*The problem:* Starting from the line that holds "Monedas Antiguas - Ancient", output exactly each line through the end of the listing. Do not copy pictures.

*Data excerpt:*
........
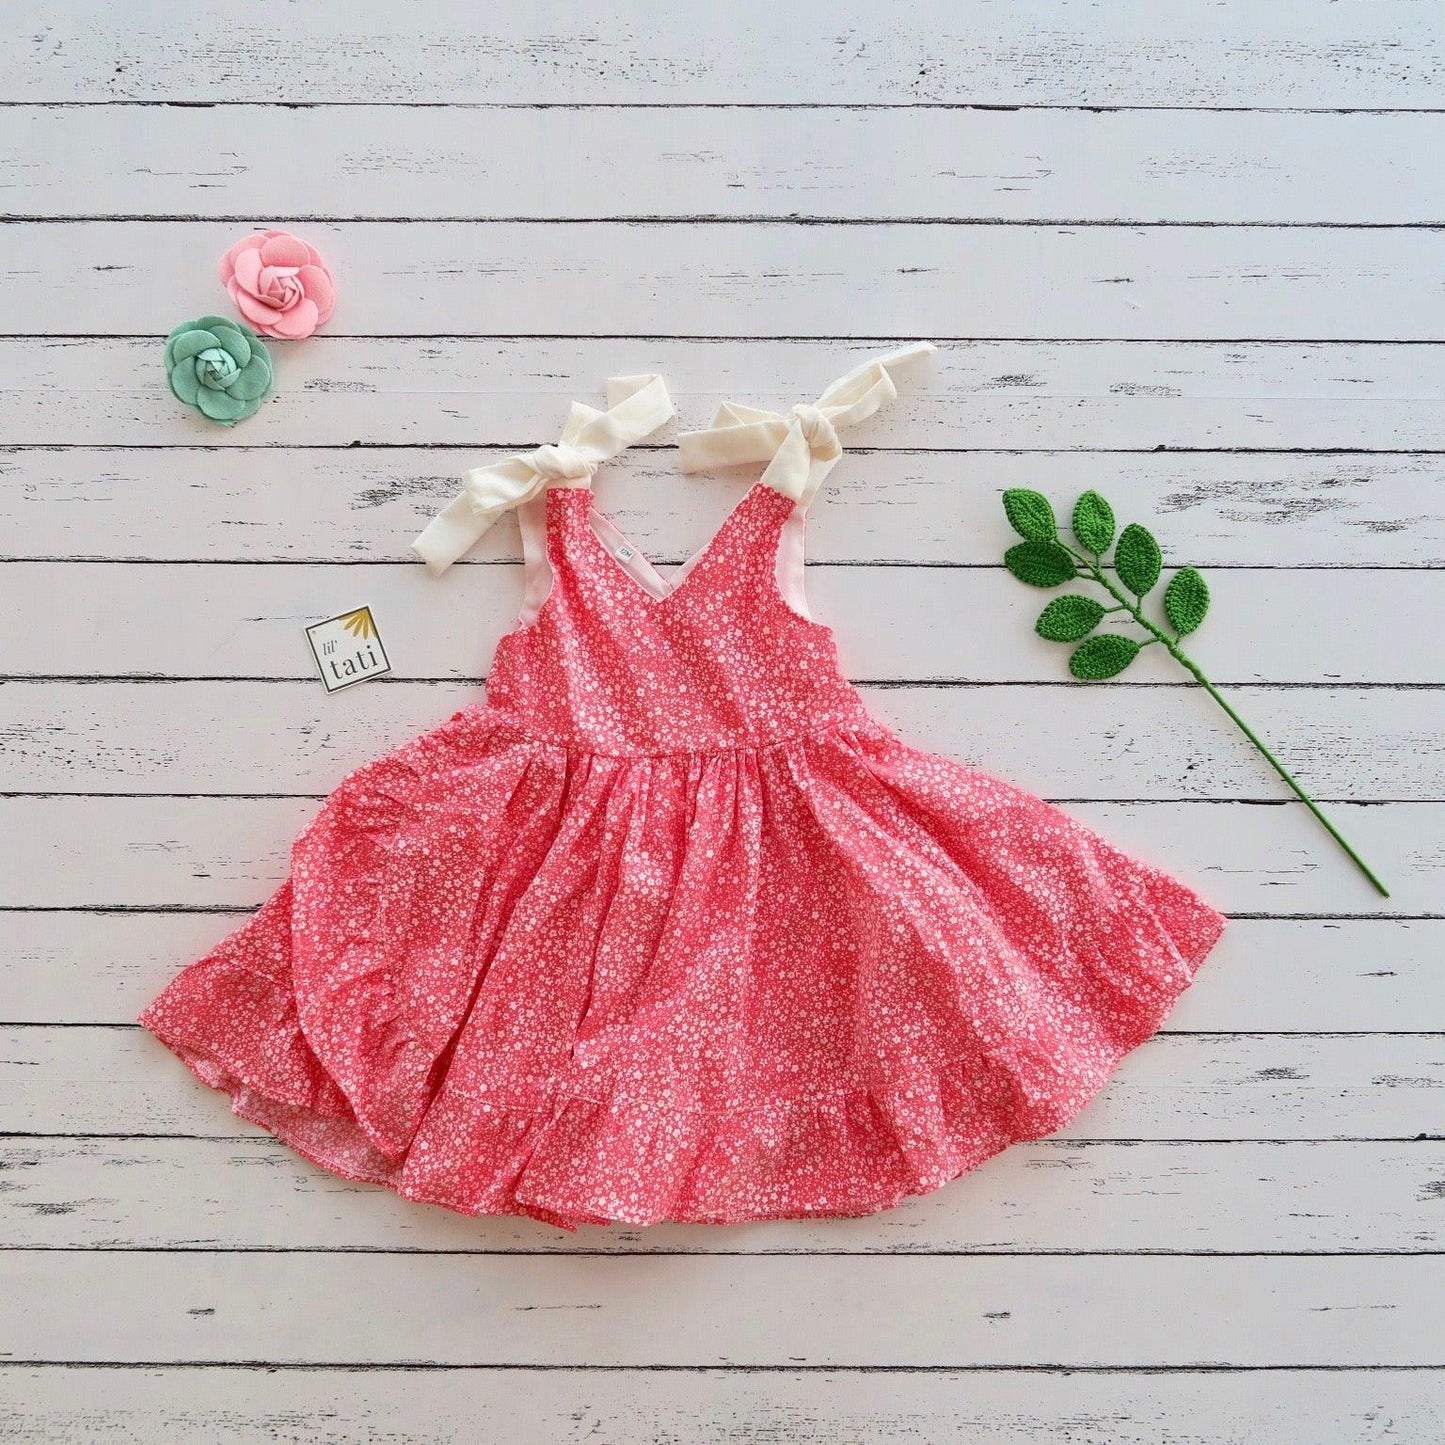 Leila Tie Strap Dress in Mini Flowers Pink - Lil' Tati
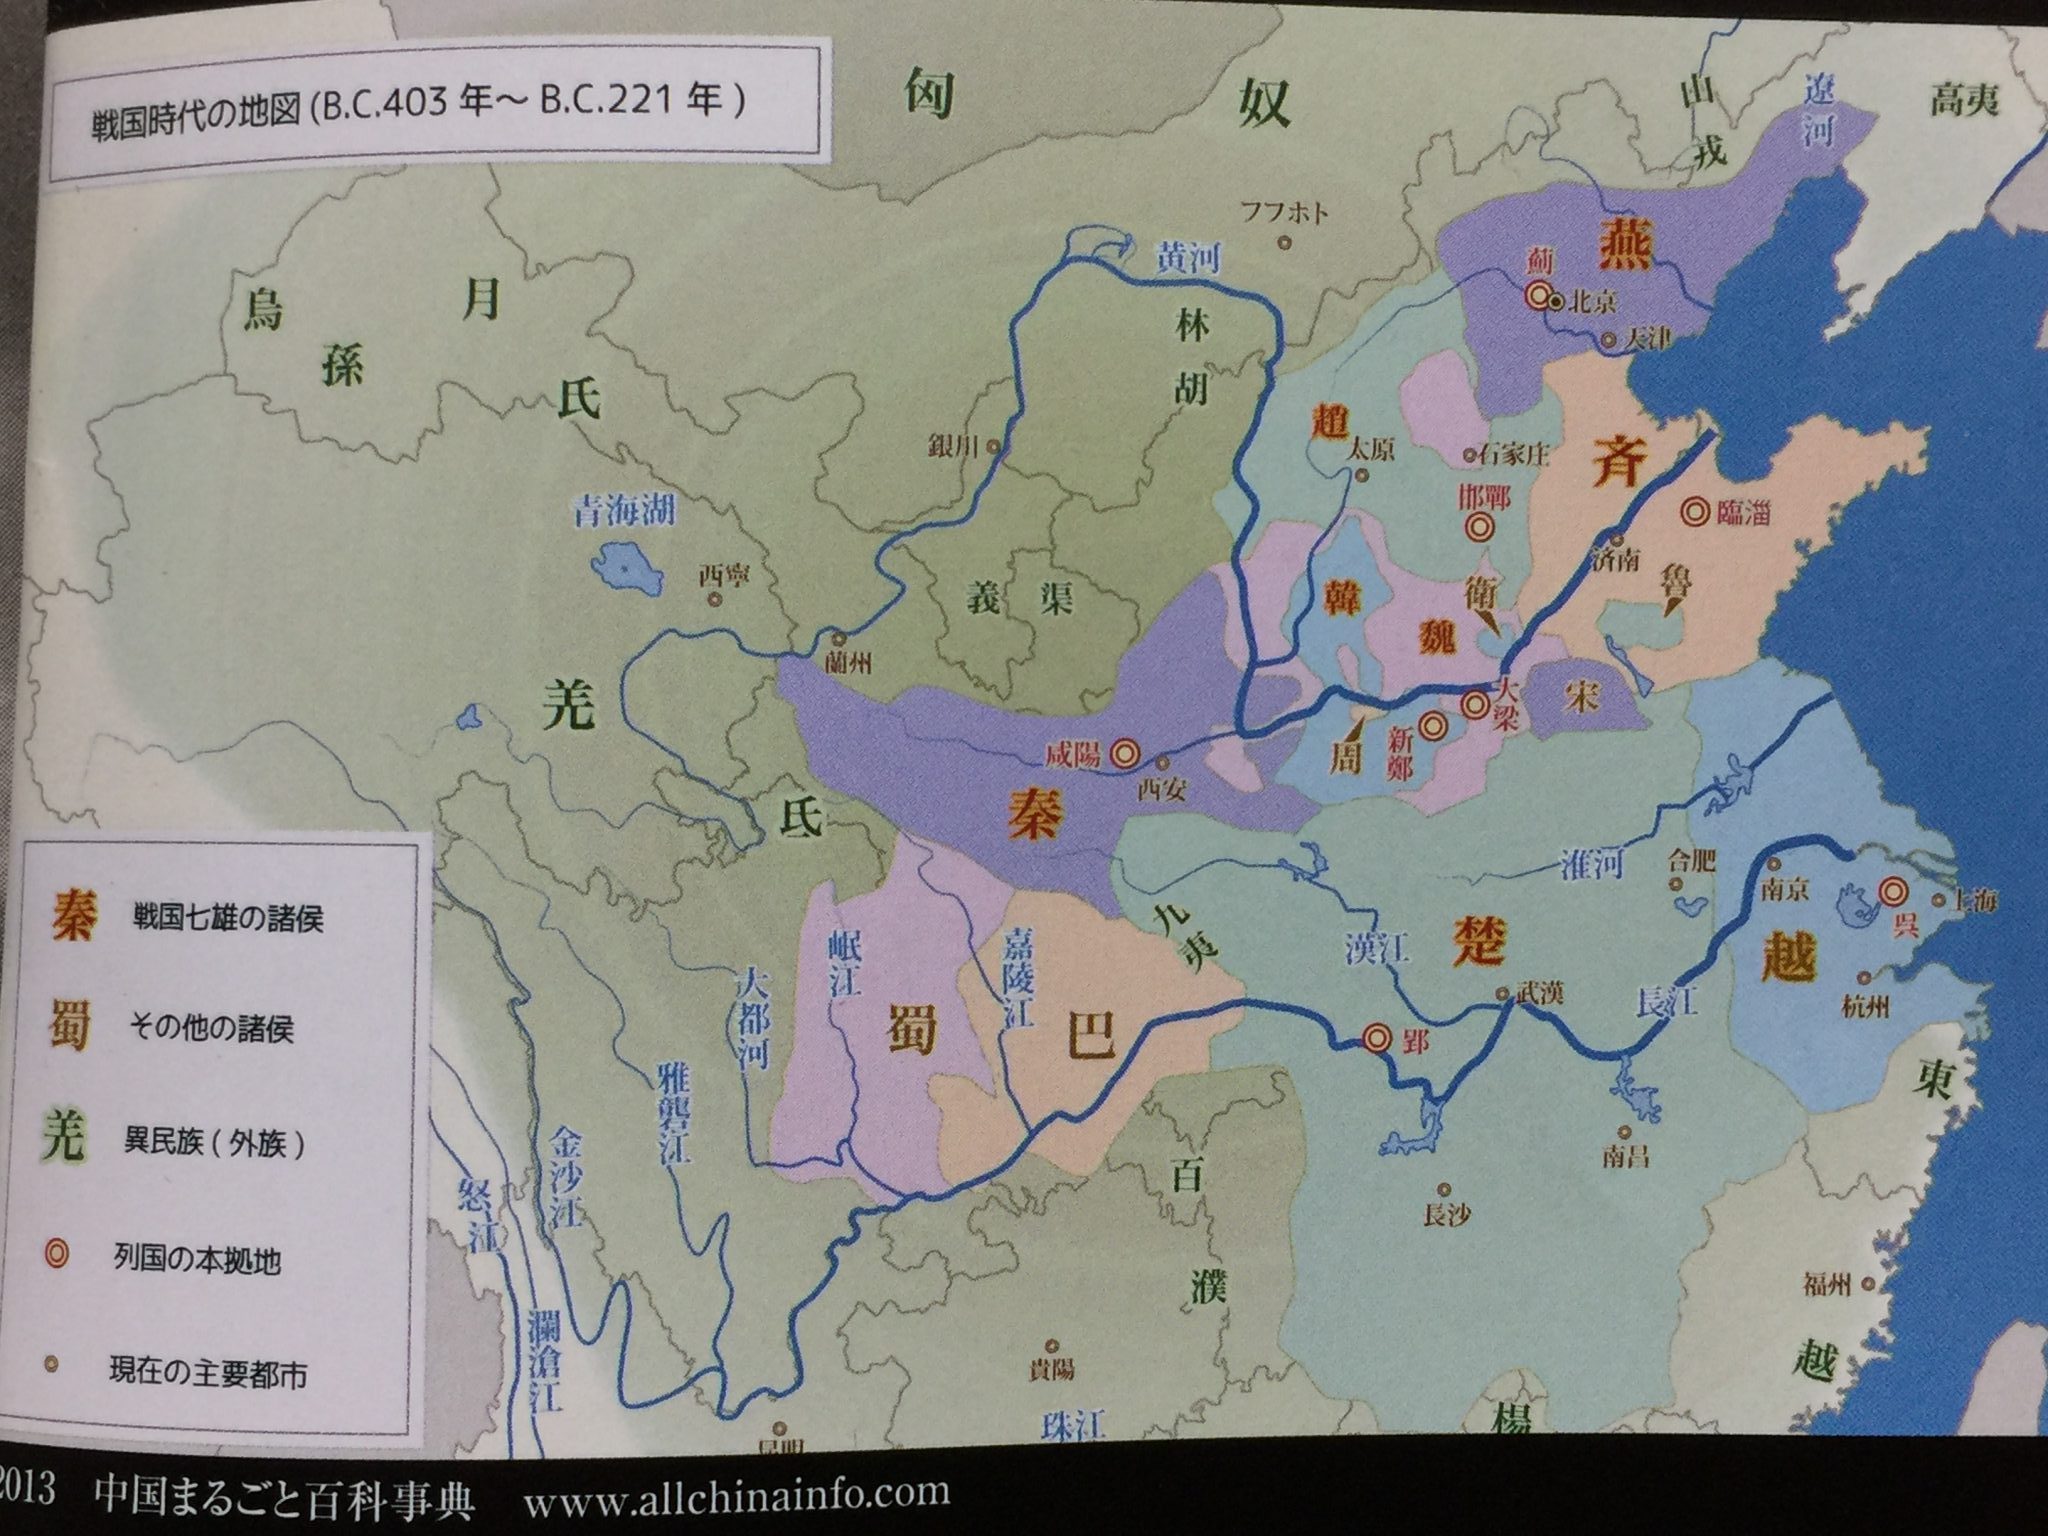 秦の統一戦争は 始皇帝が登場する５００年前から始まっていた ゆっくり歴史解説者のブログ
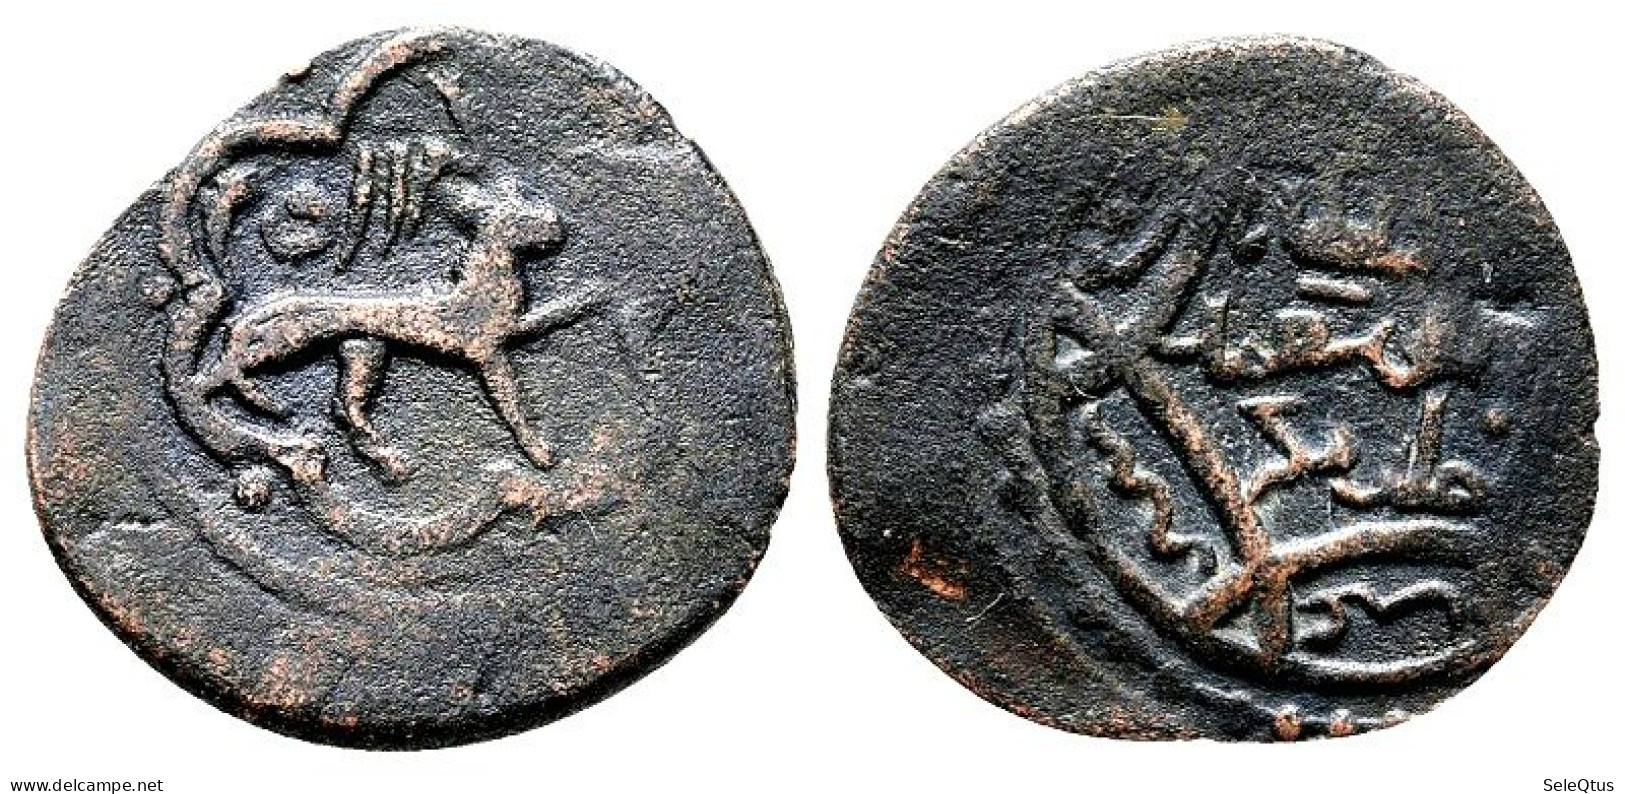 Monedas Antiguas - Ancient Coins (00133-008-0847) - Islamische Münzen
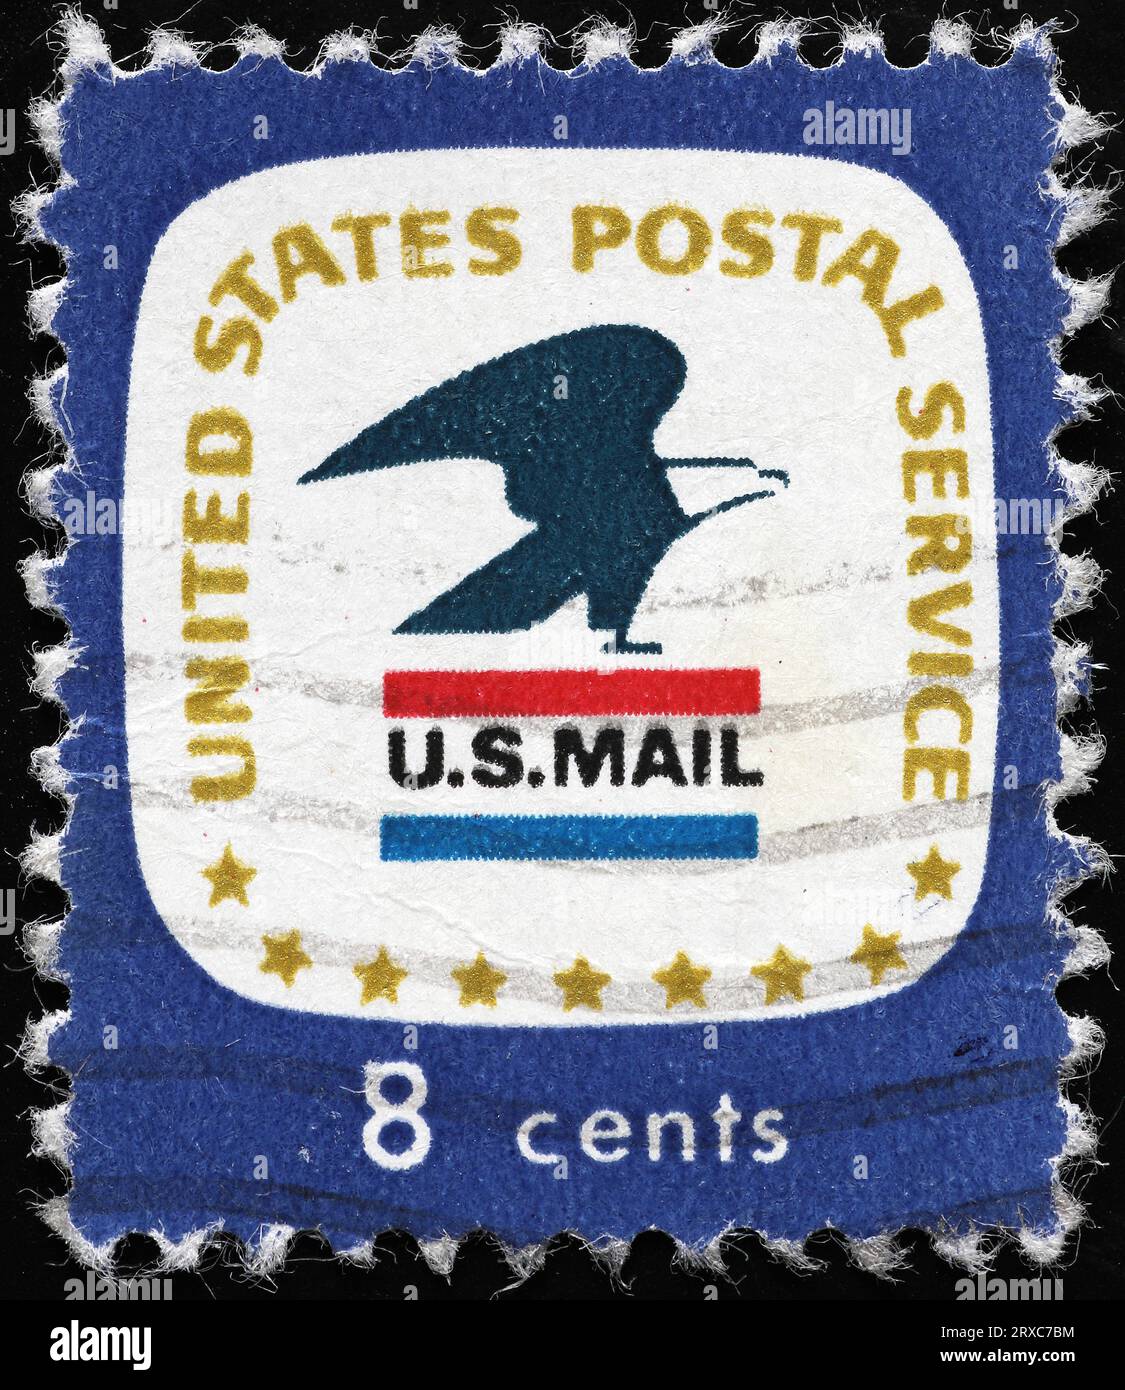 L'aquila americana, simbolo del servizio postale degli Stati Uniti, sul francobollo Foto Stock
........
*Answer box:*
 Monedas Antiguas - Ancient Coins (00133-008-0847) - Islamische Münzen
 L'aquila americana, simbolo del servizio postale degli Stati Uniti, sul francobollo Foto Stock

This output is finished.